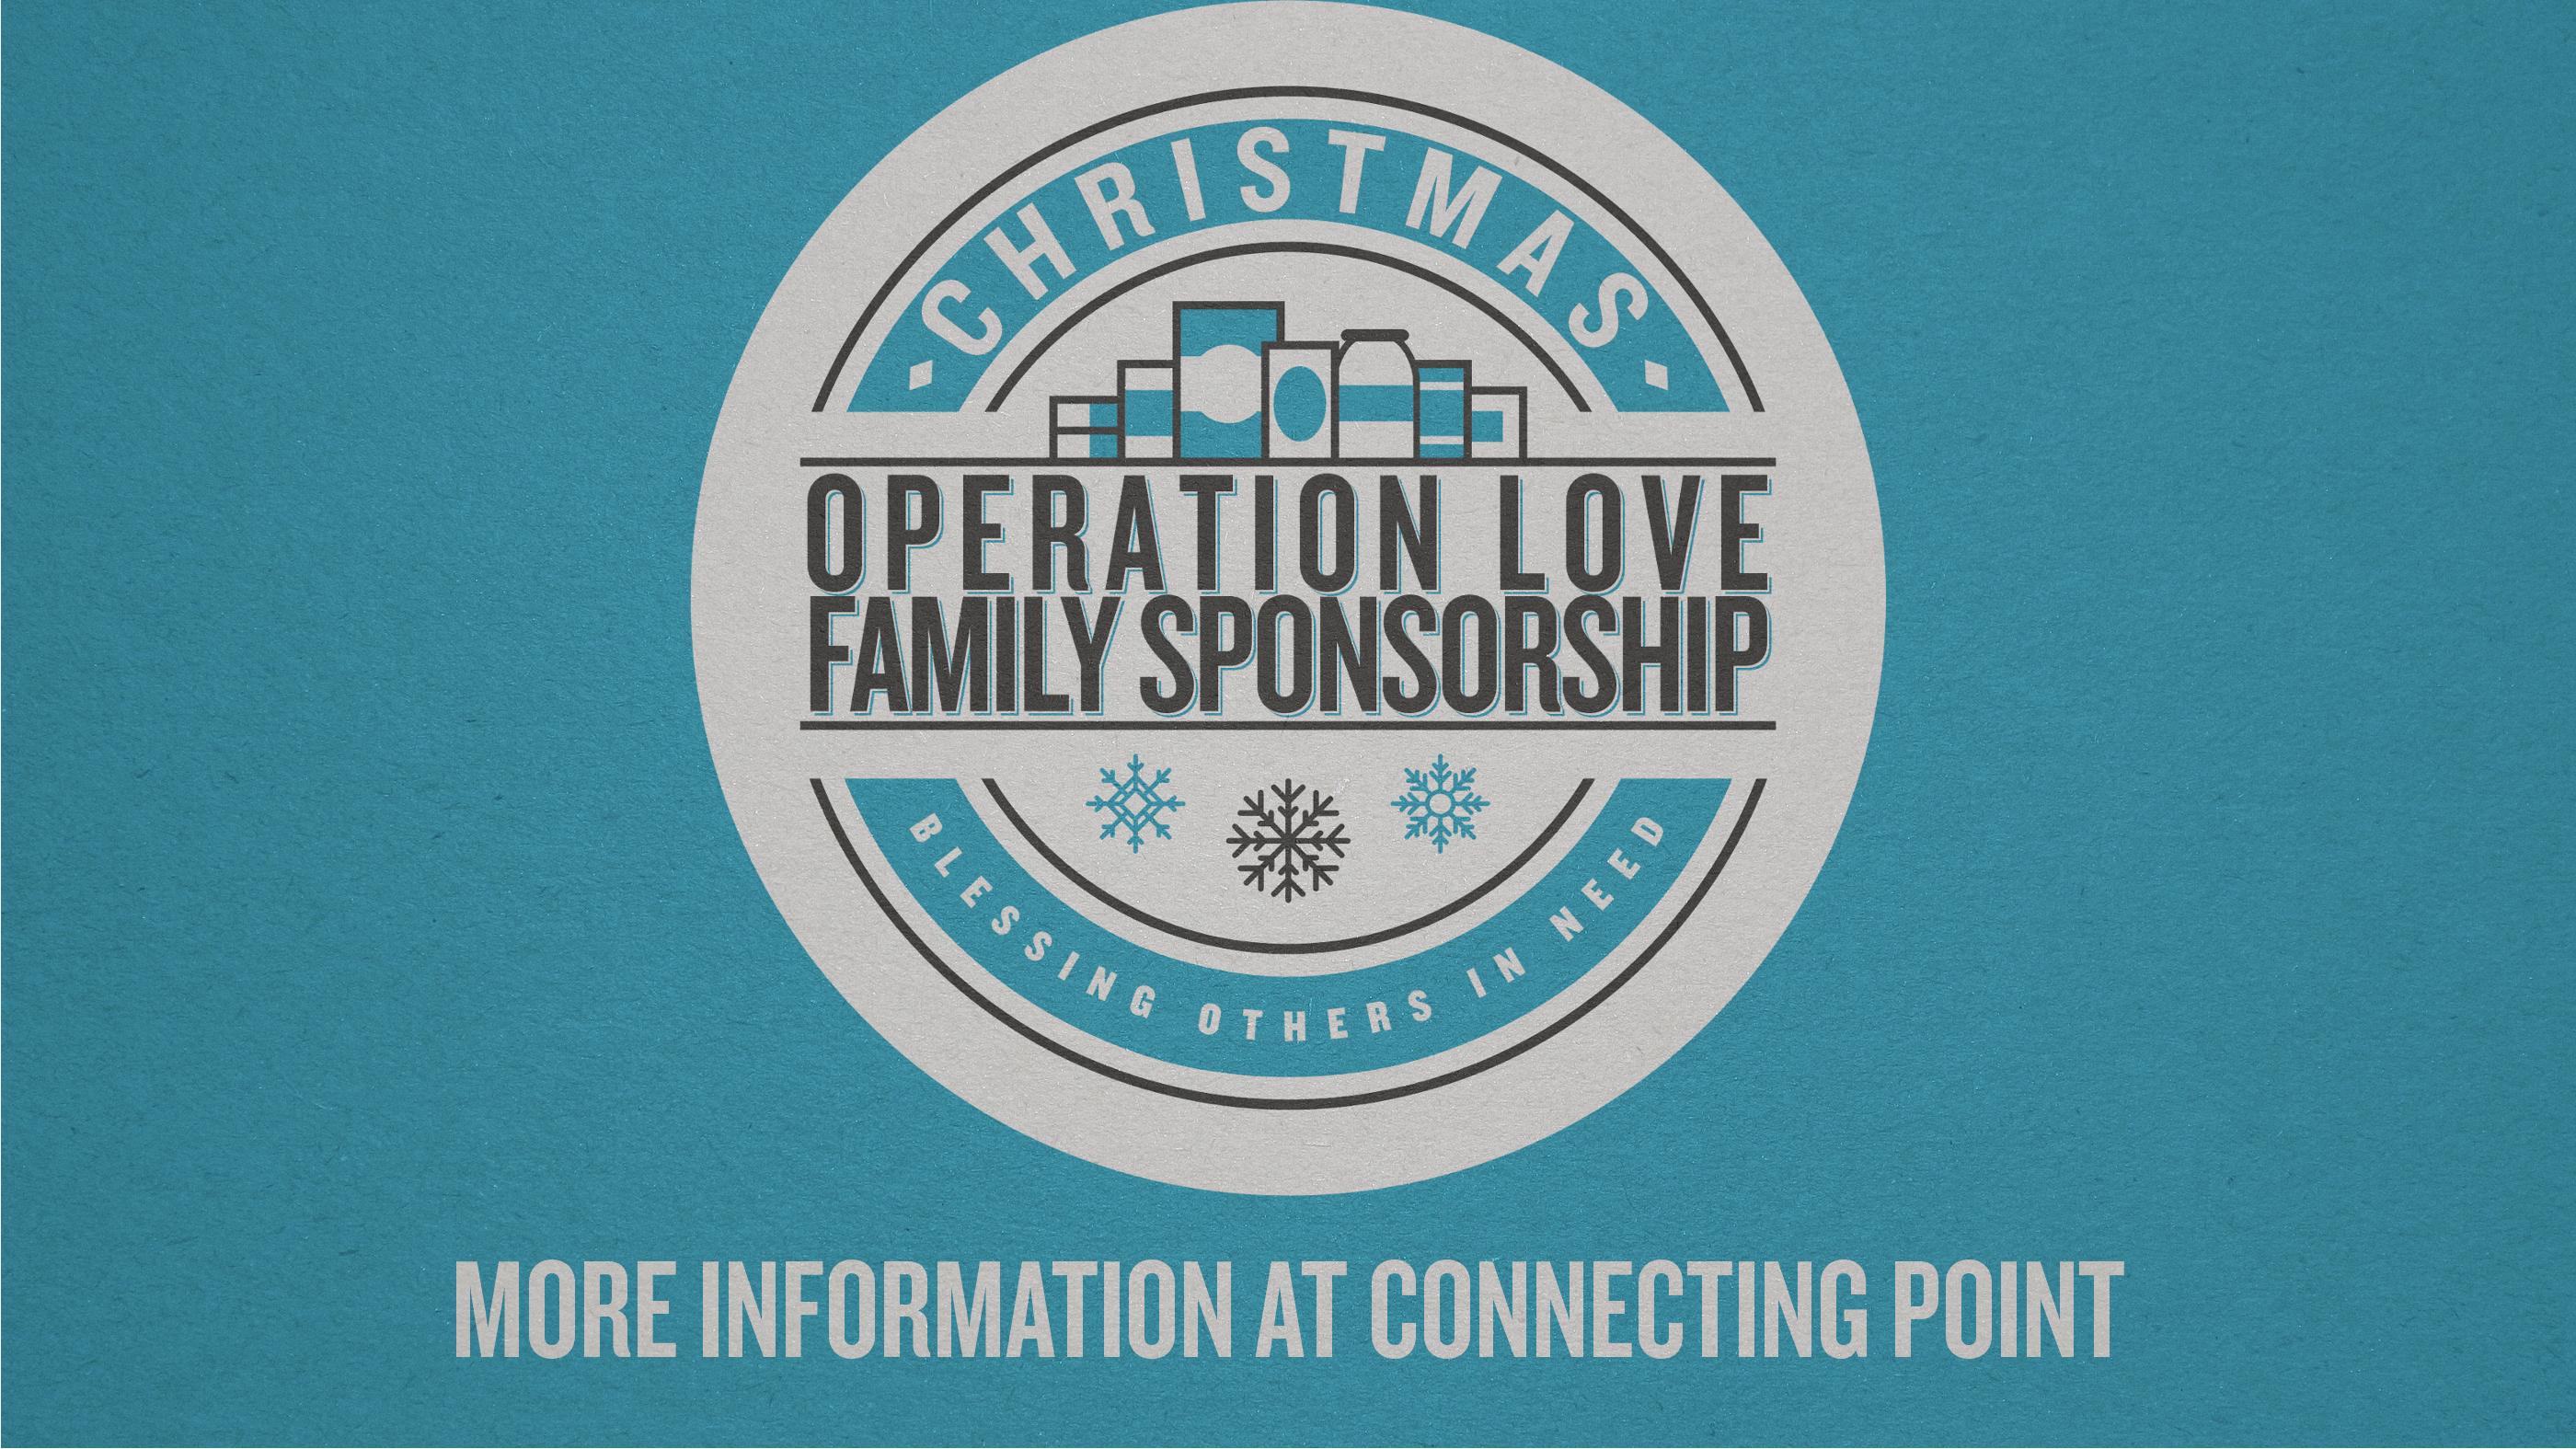 operation-love-family-sponsorship
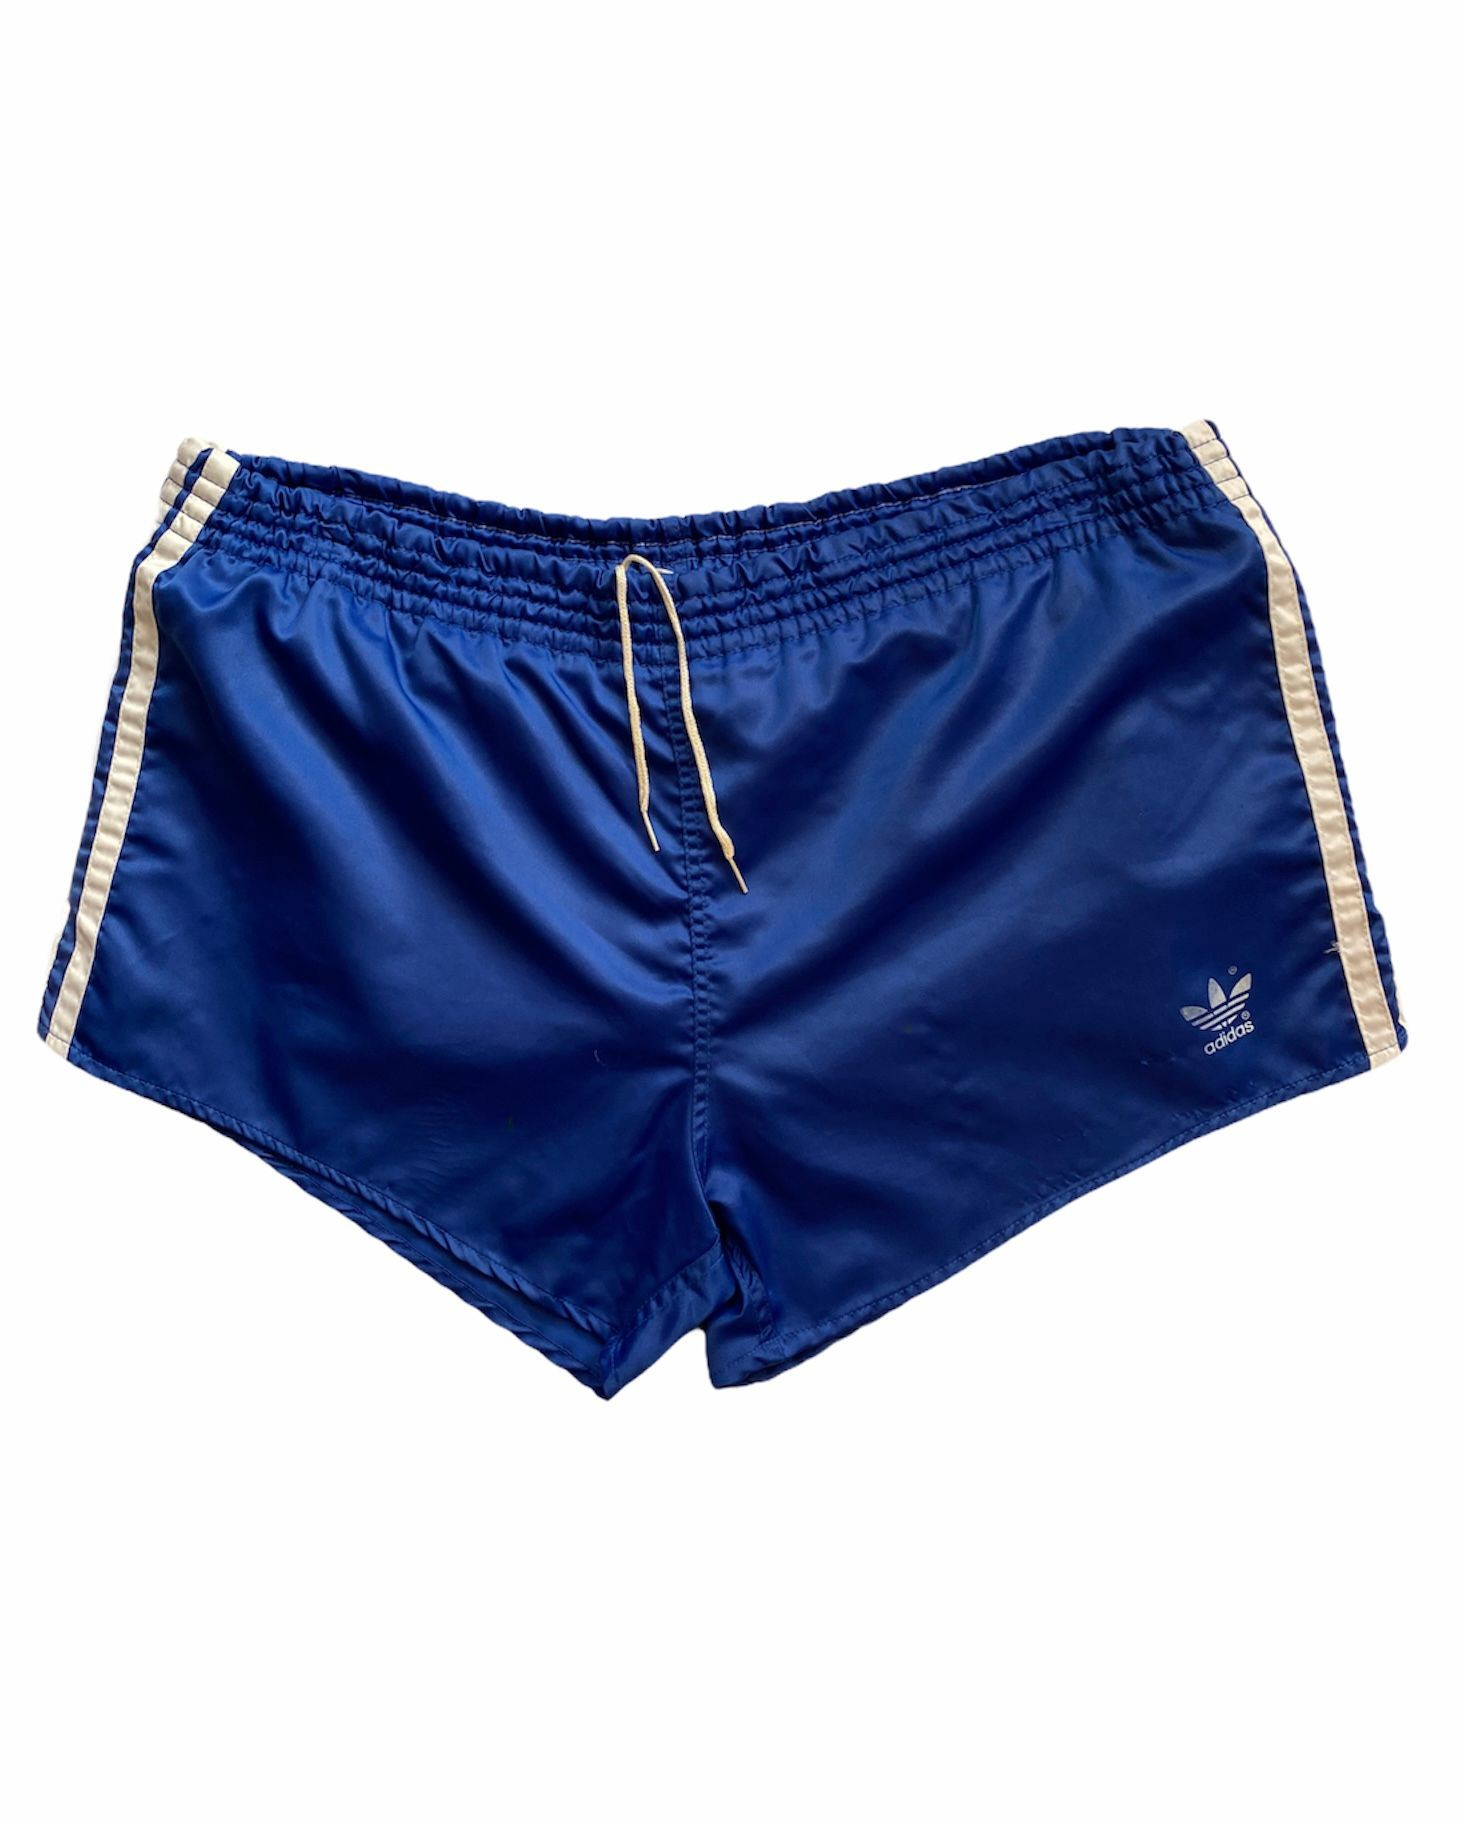 Adidas Originals 90's Blue Şort (L)
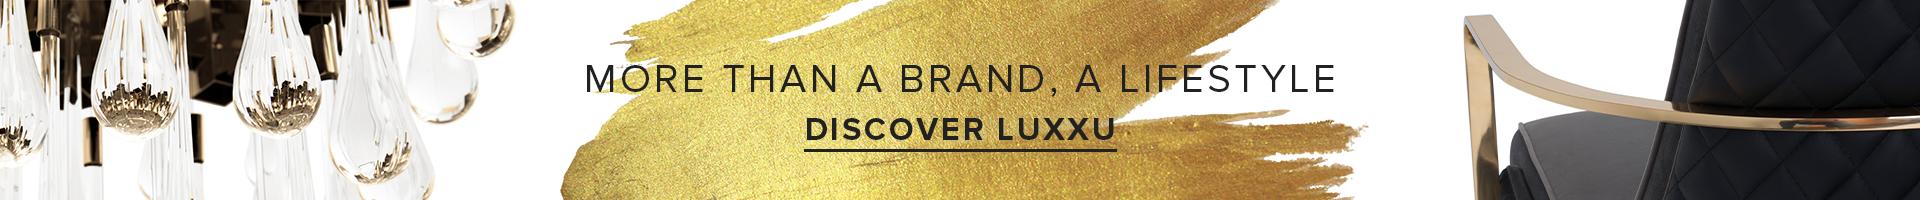 Luxxu Top Banner
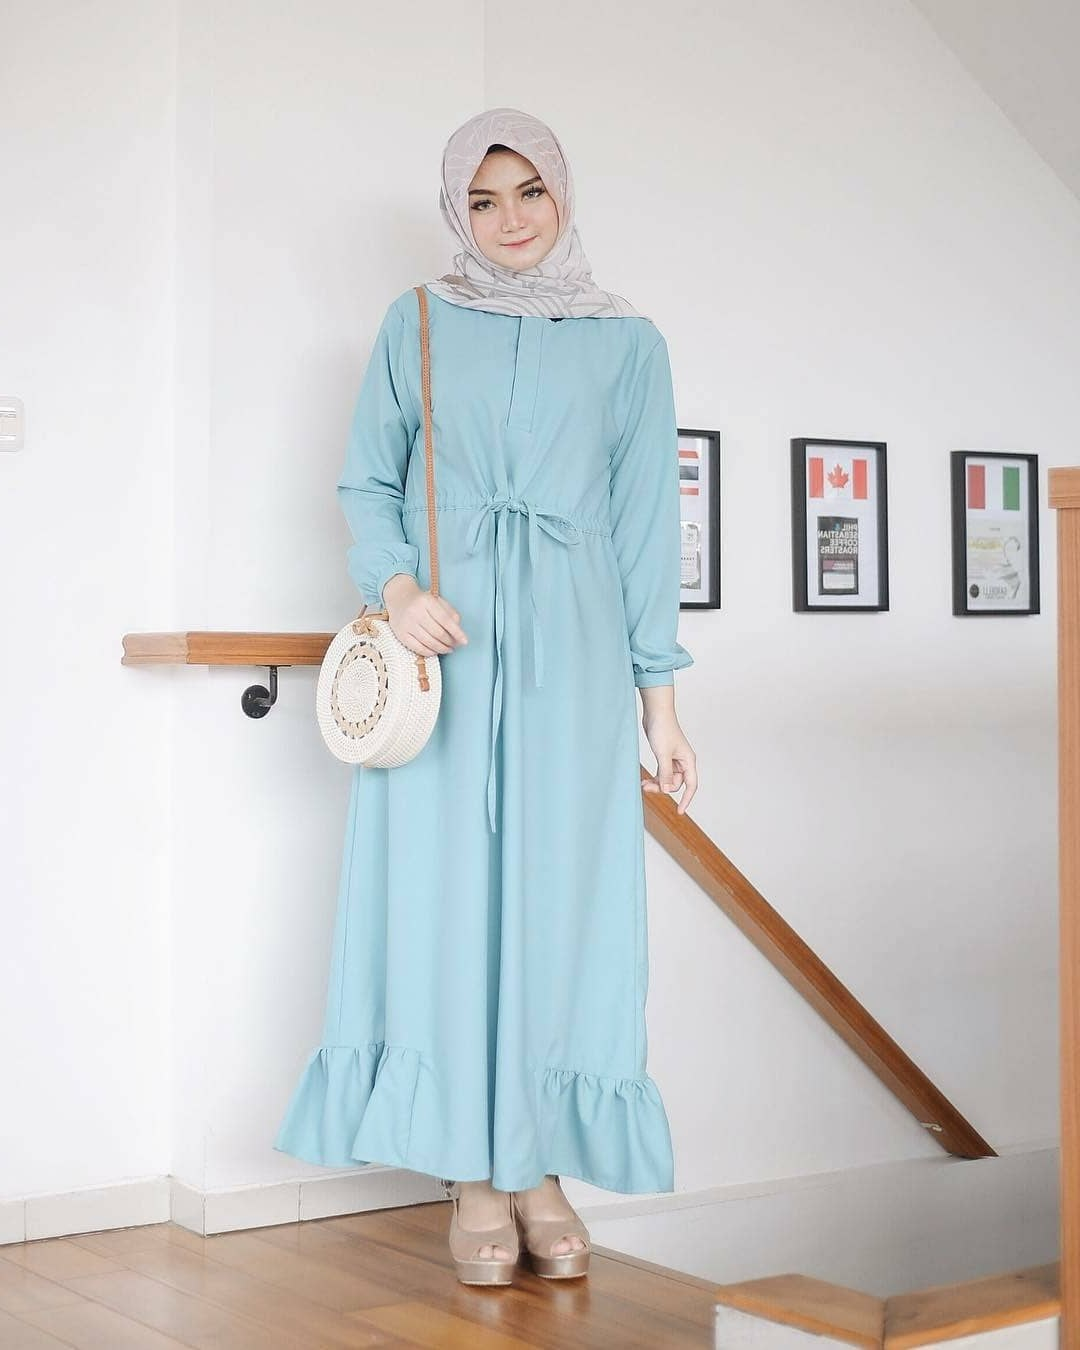 Ide Fashion Baju Lebaran 2018 0gdr Tren Busana Muslim Terbaru Untuk Merayakan Hari Raya Yang

Exercise goal: Set out nothing but the lines from the line with "Adidas Originals 90's Blue Şort (L)" through the end of the material, reproduced exactly, both ends included, pictures omitted.

Response area:
 Adidas Originals 90's Blue Şort (L)
 Luxxu Top Banner
 Ide Fashion Baju Lebaran 2018 0gdr Tren Busana Muslim Terbaru Untuk Merayakan Hari Raya Yang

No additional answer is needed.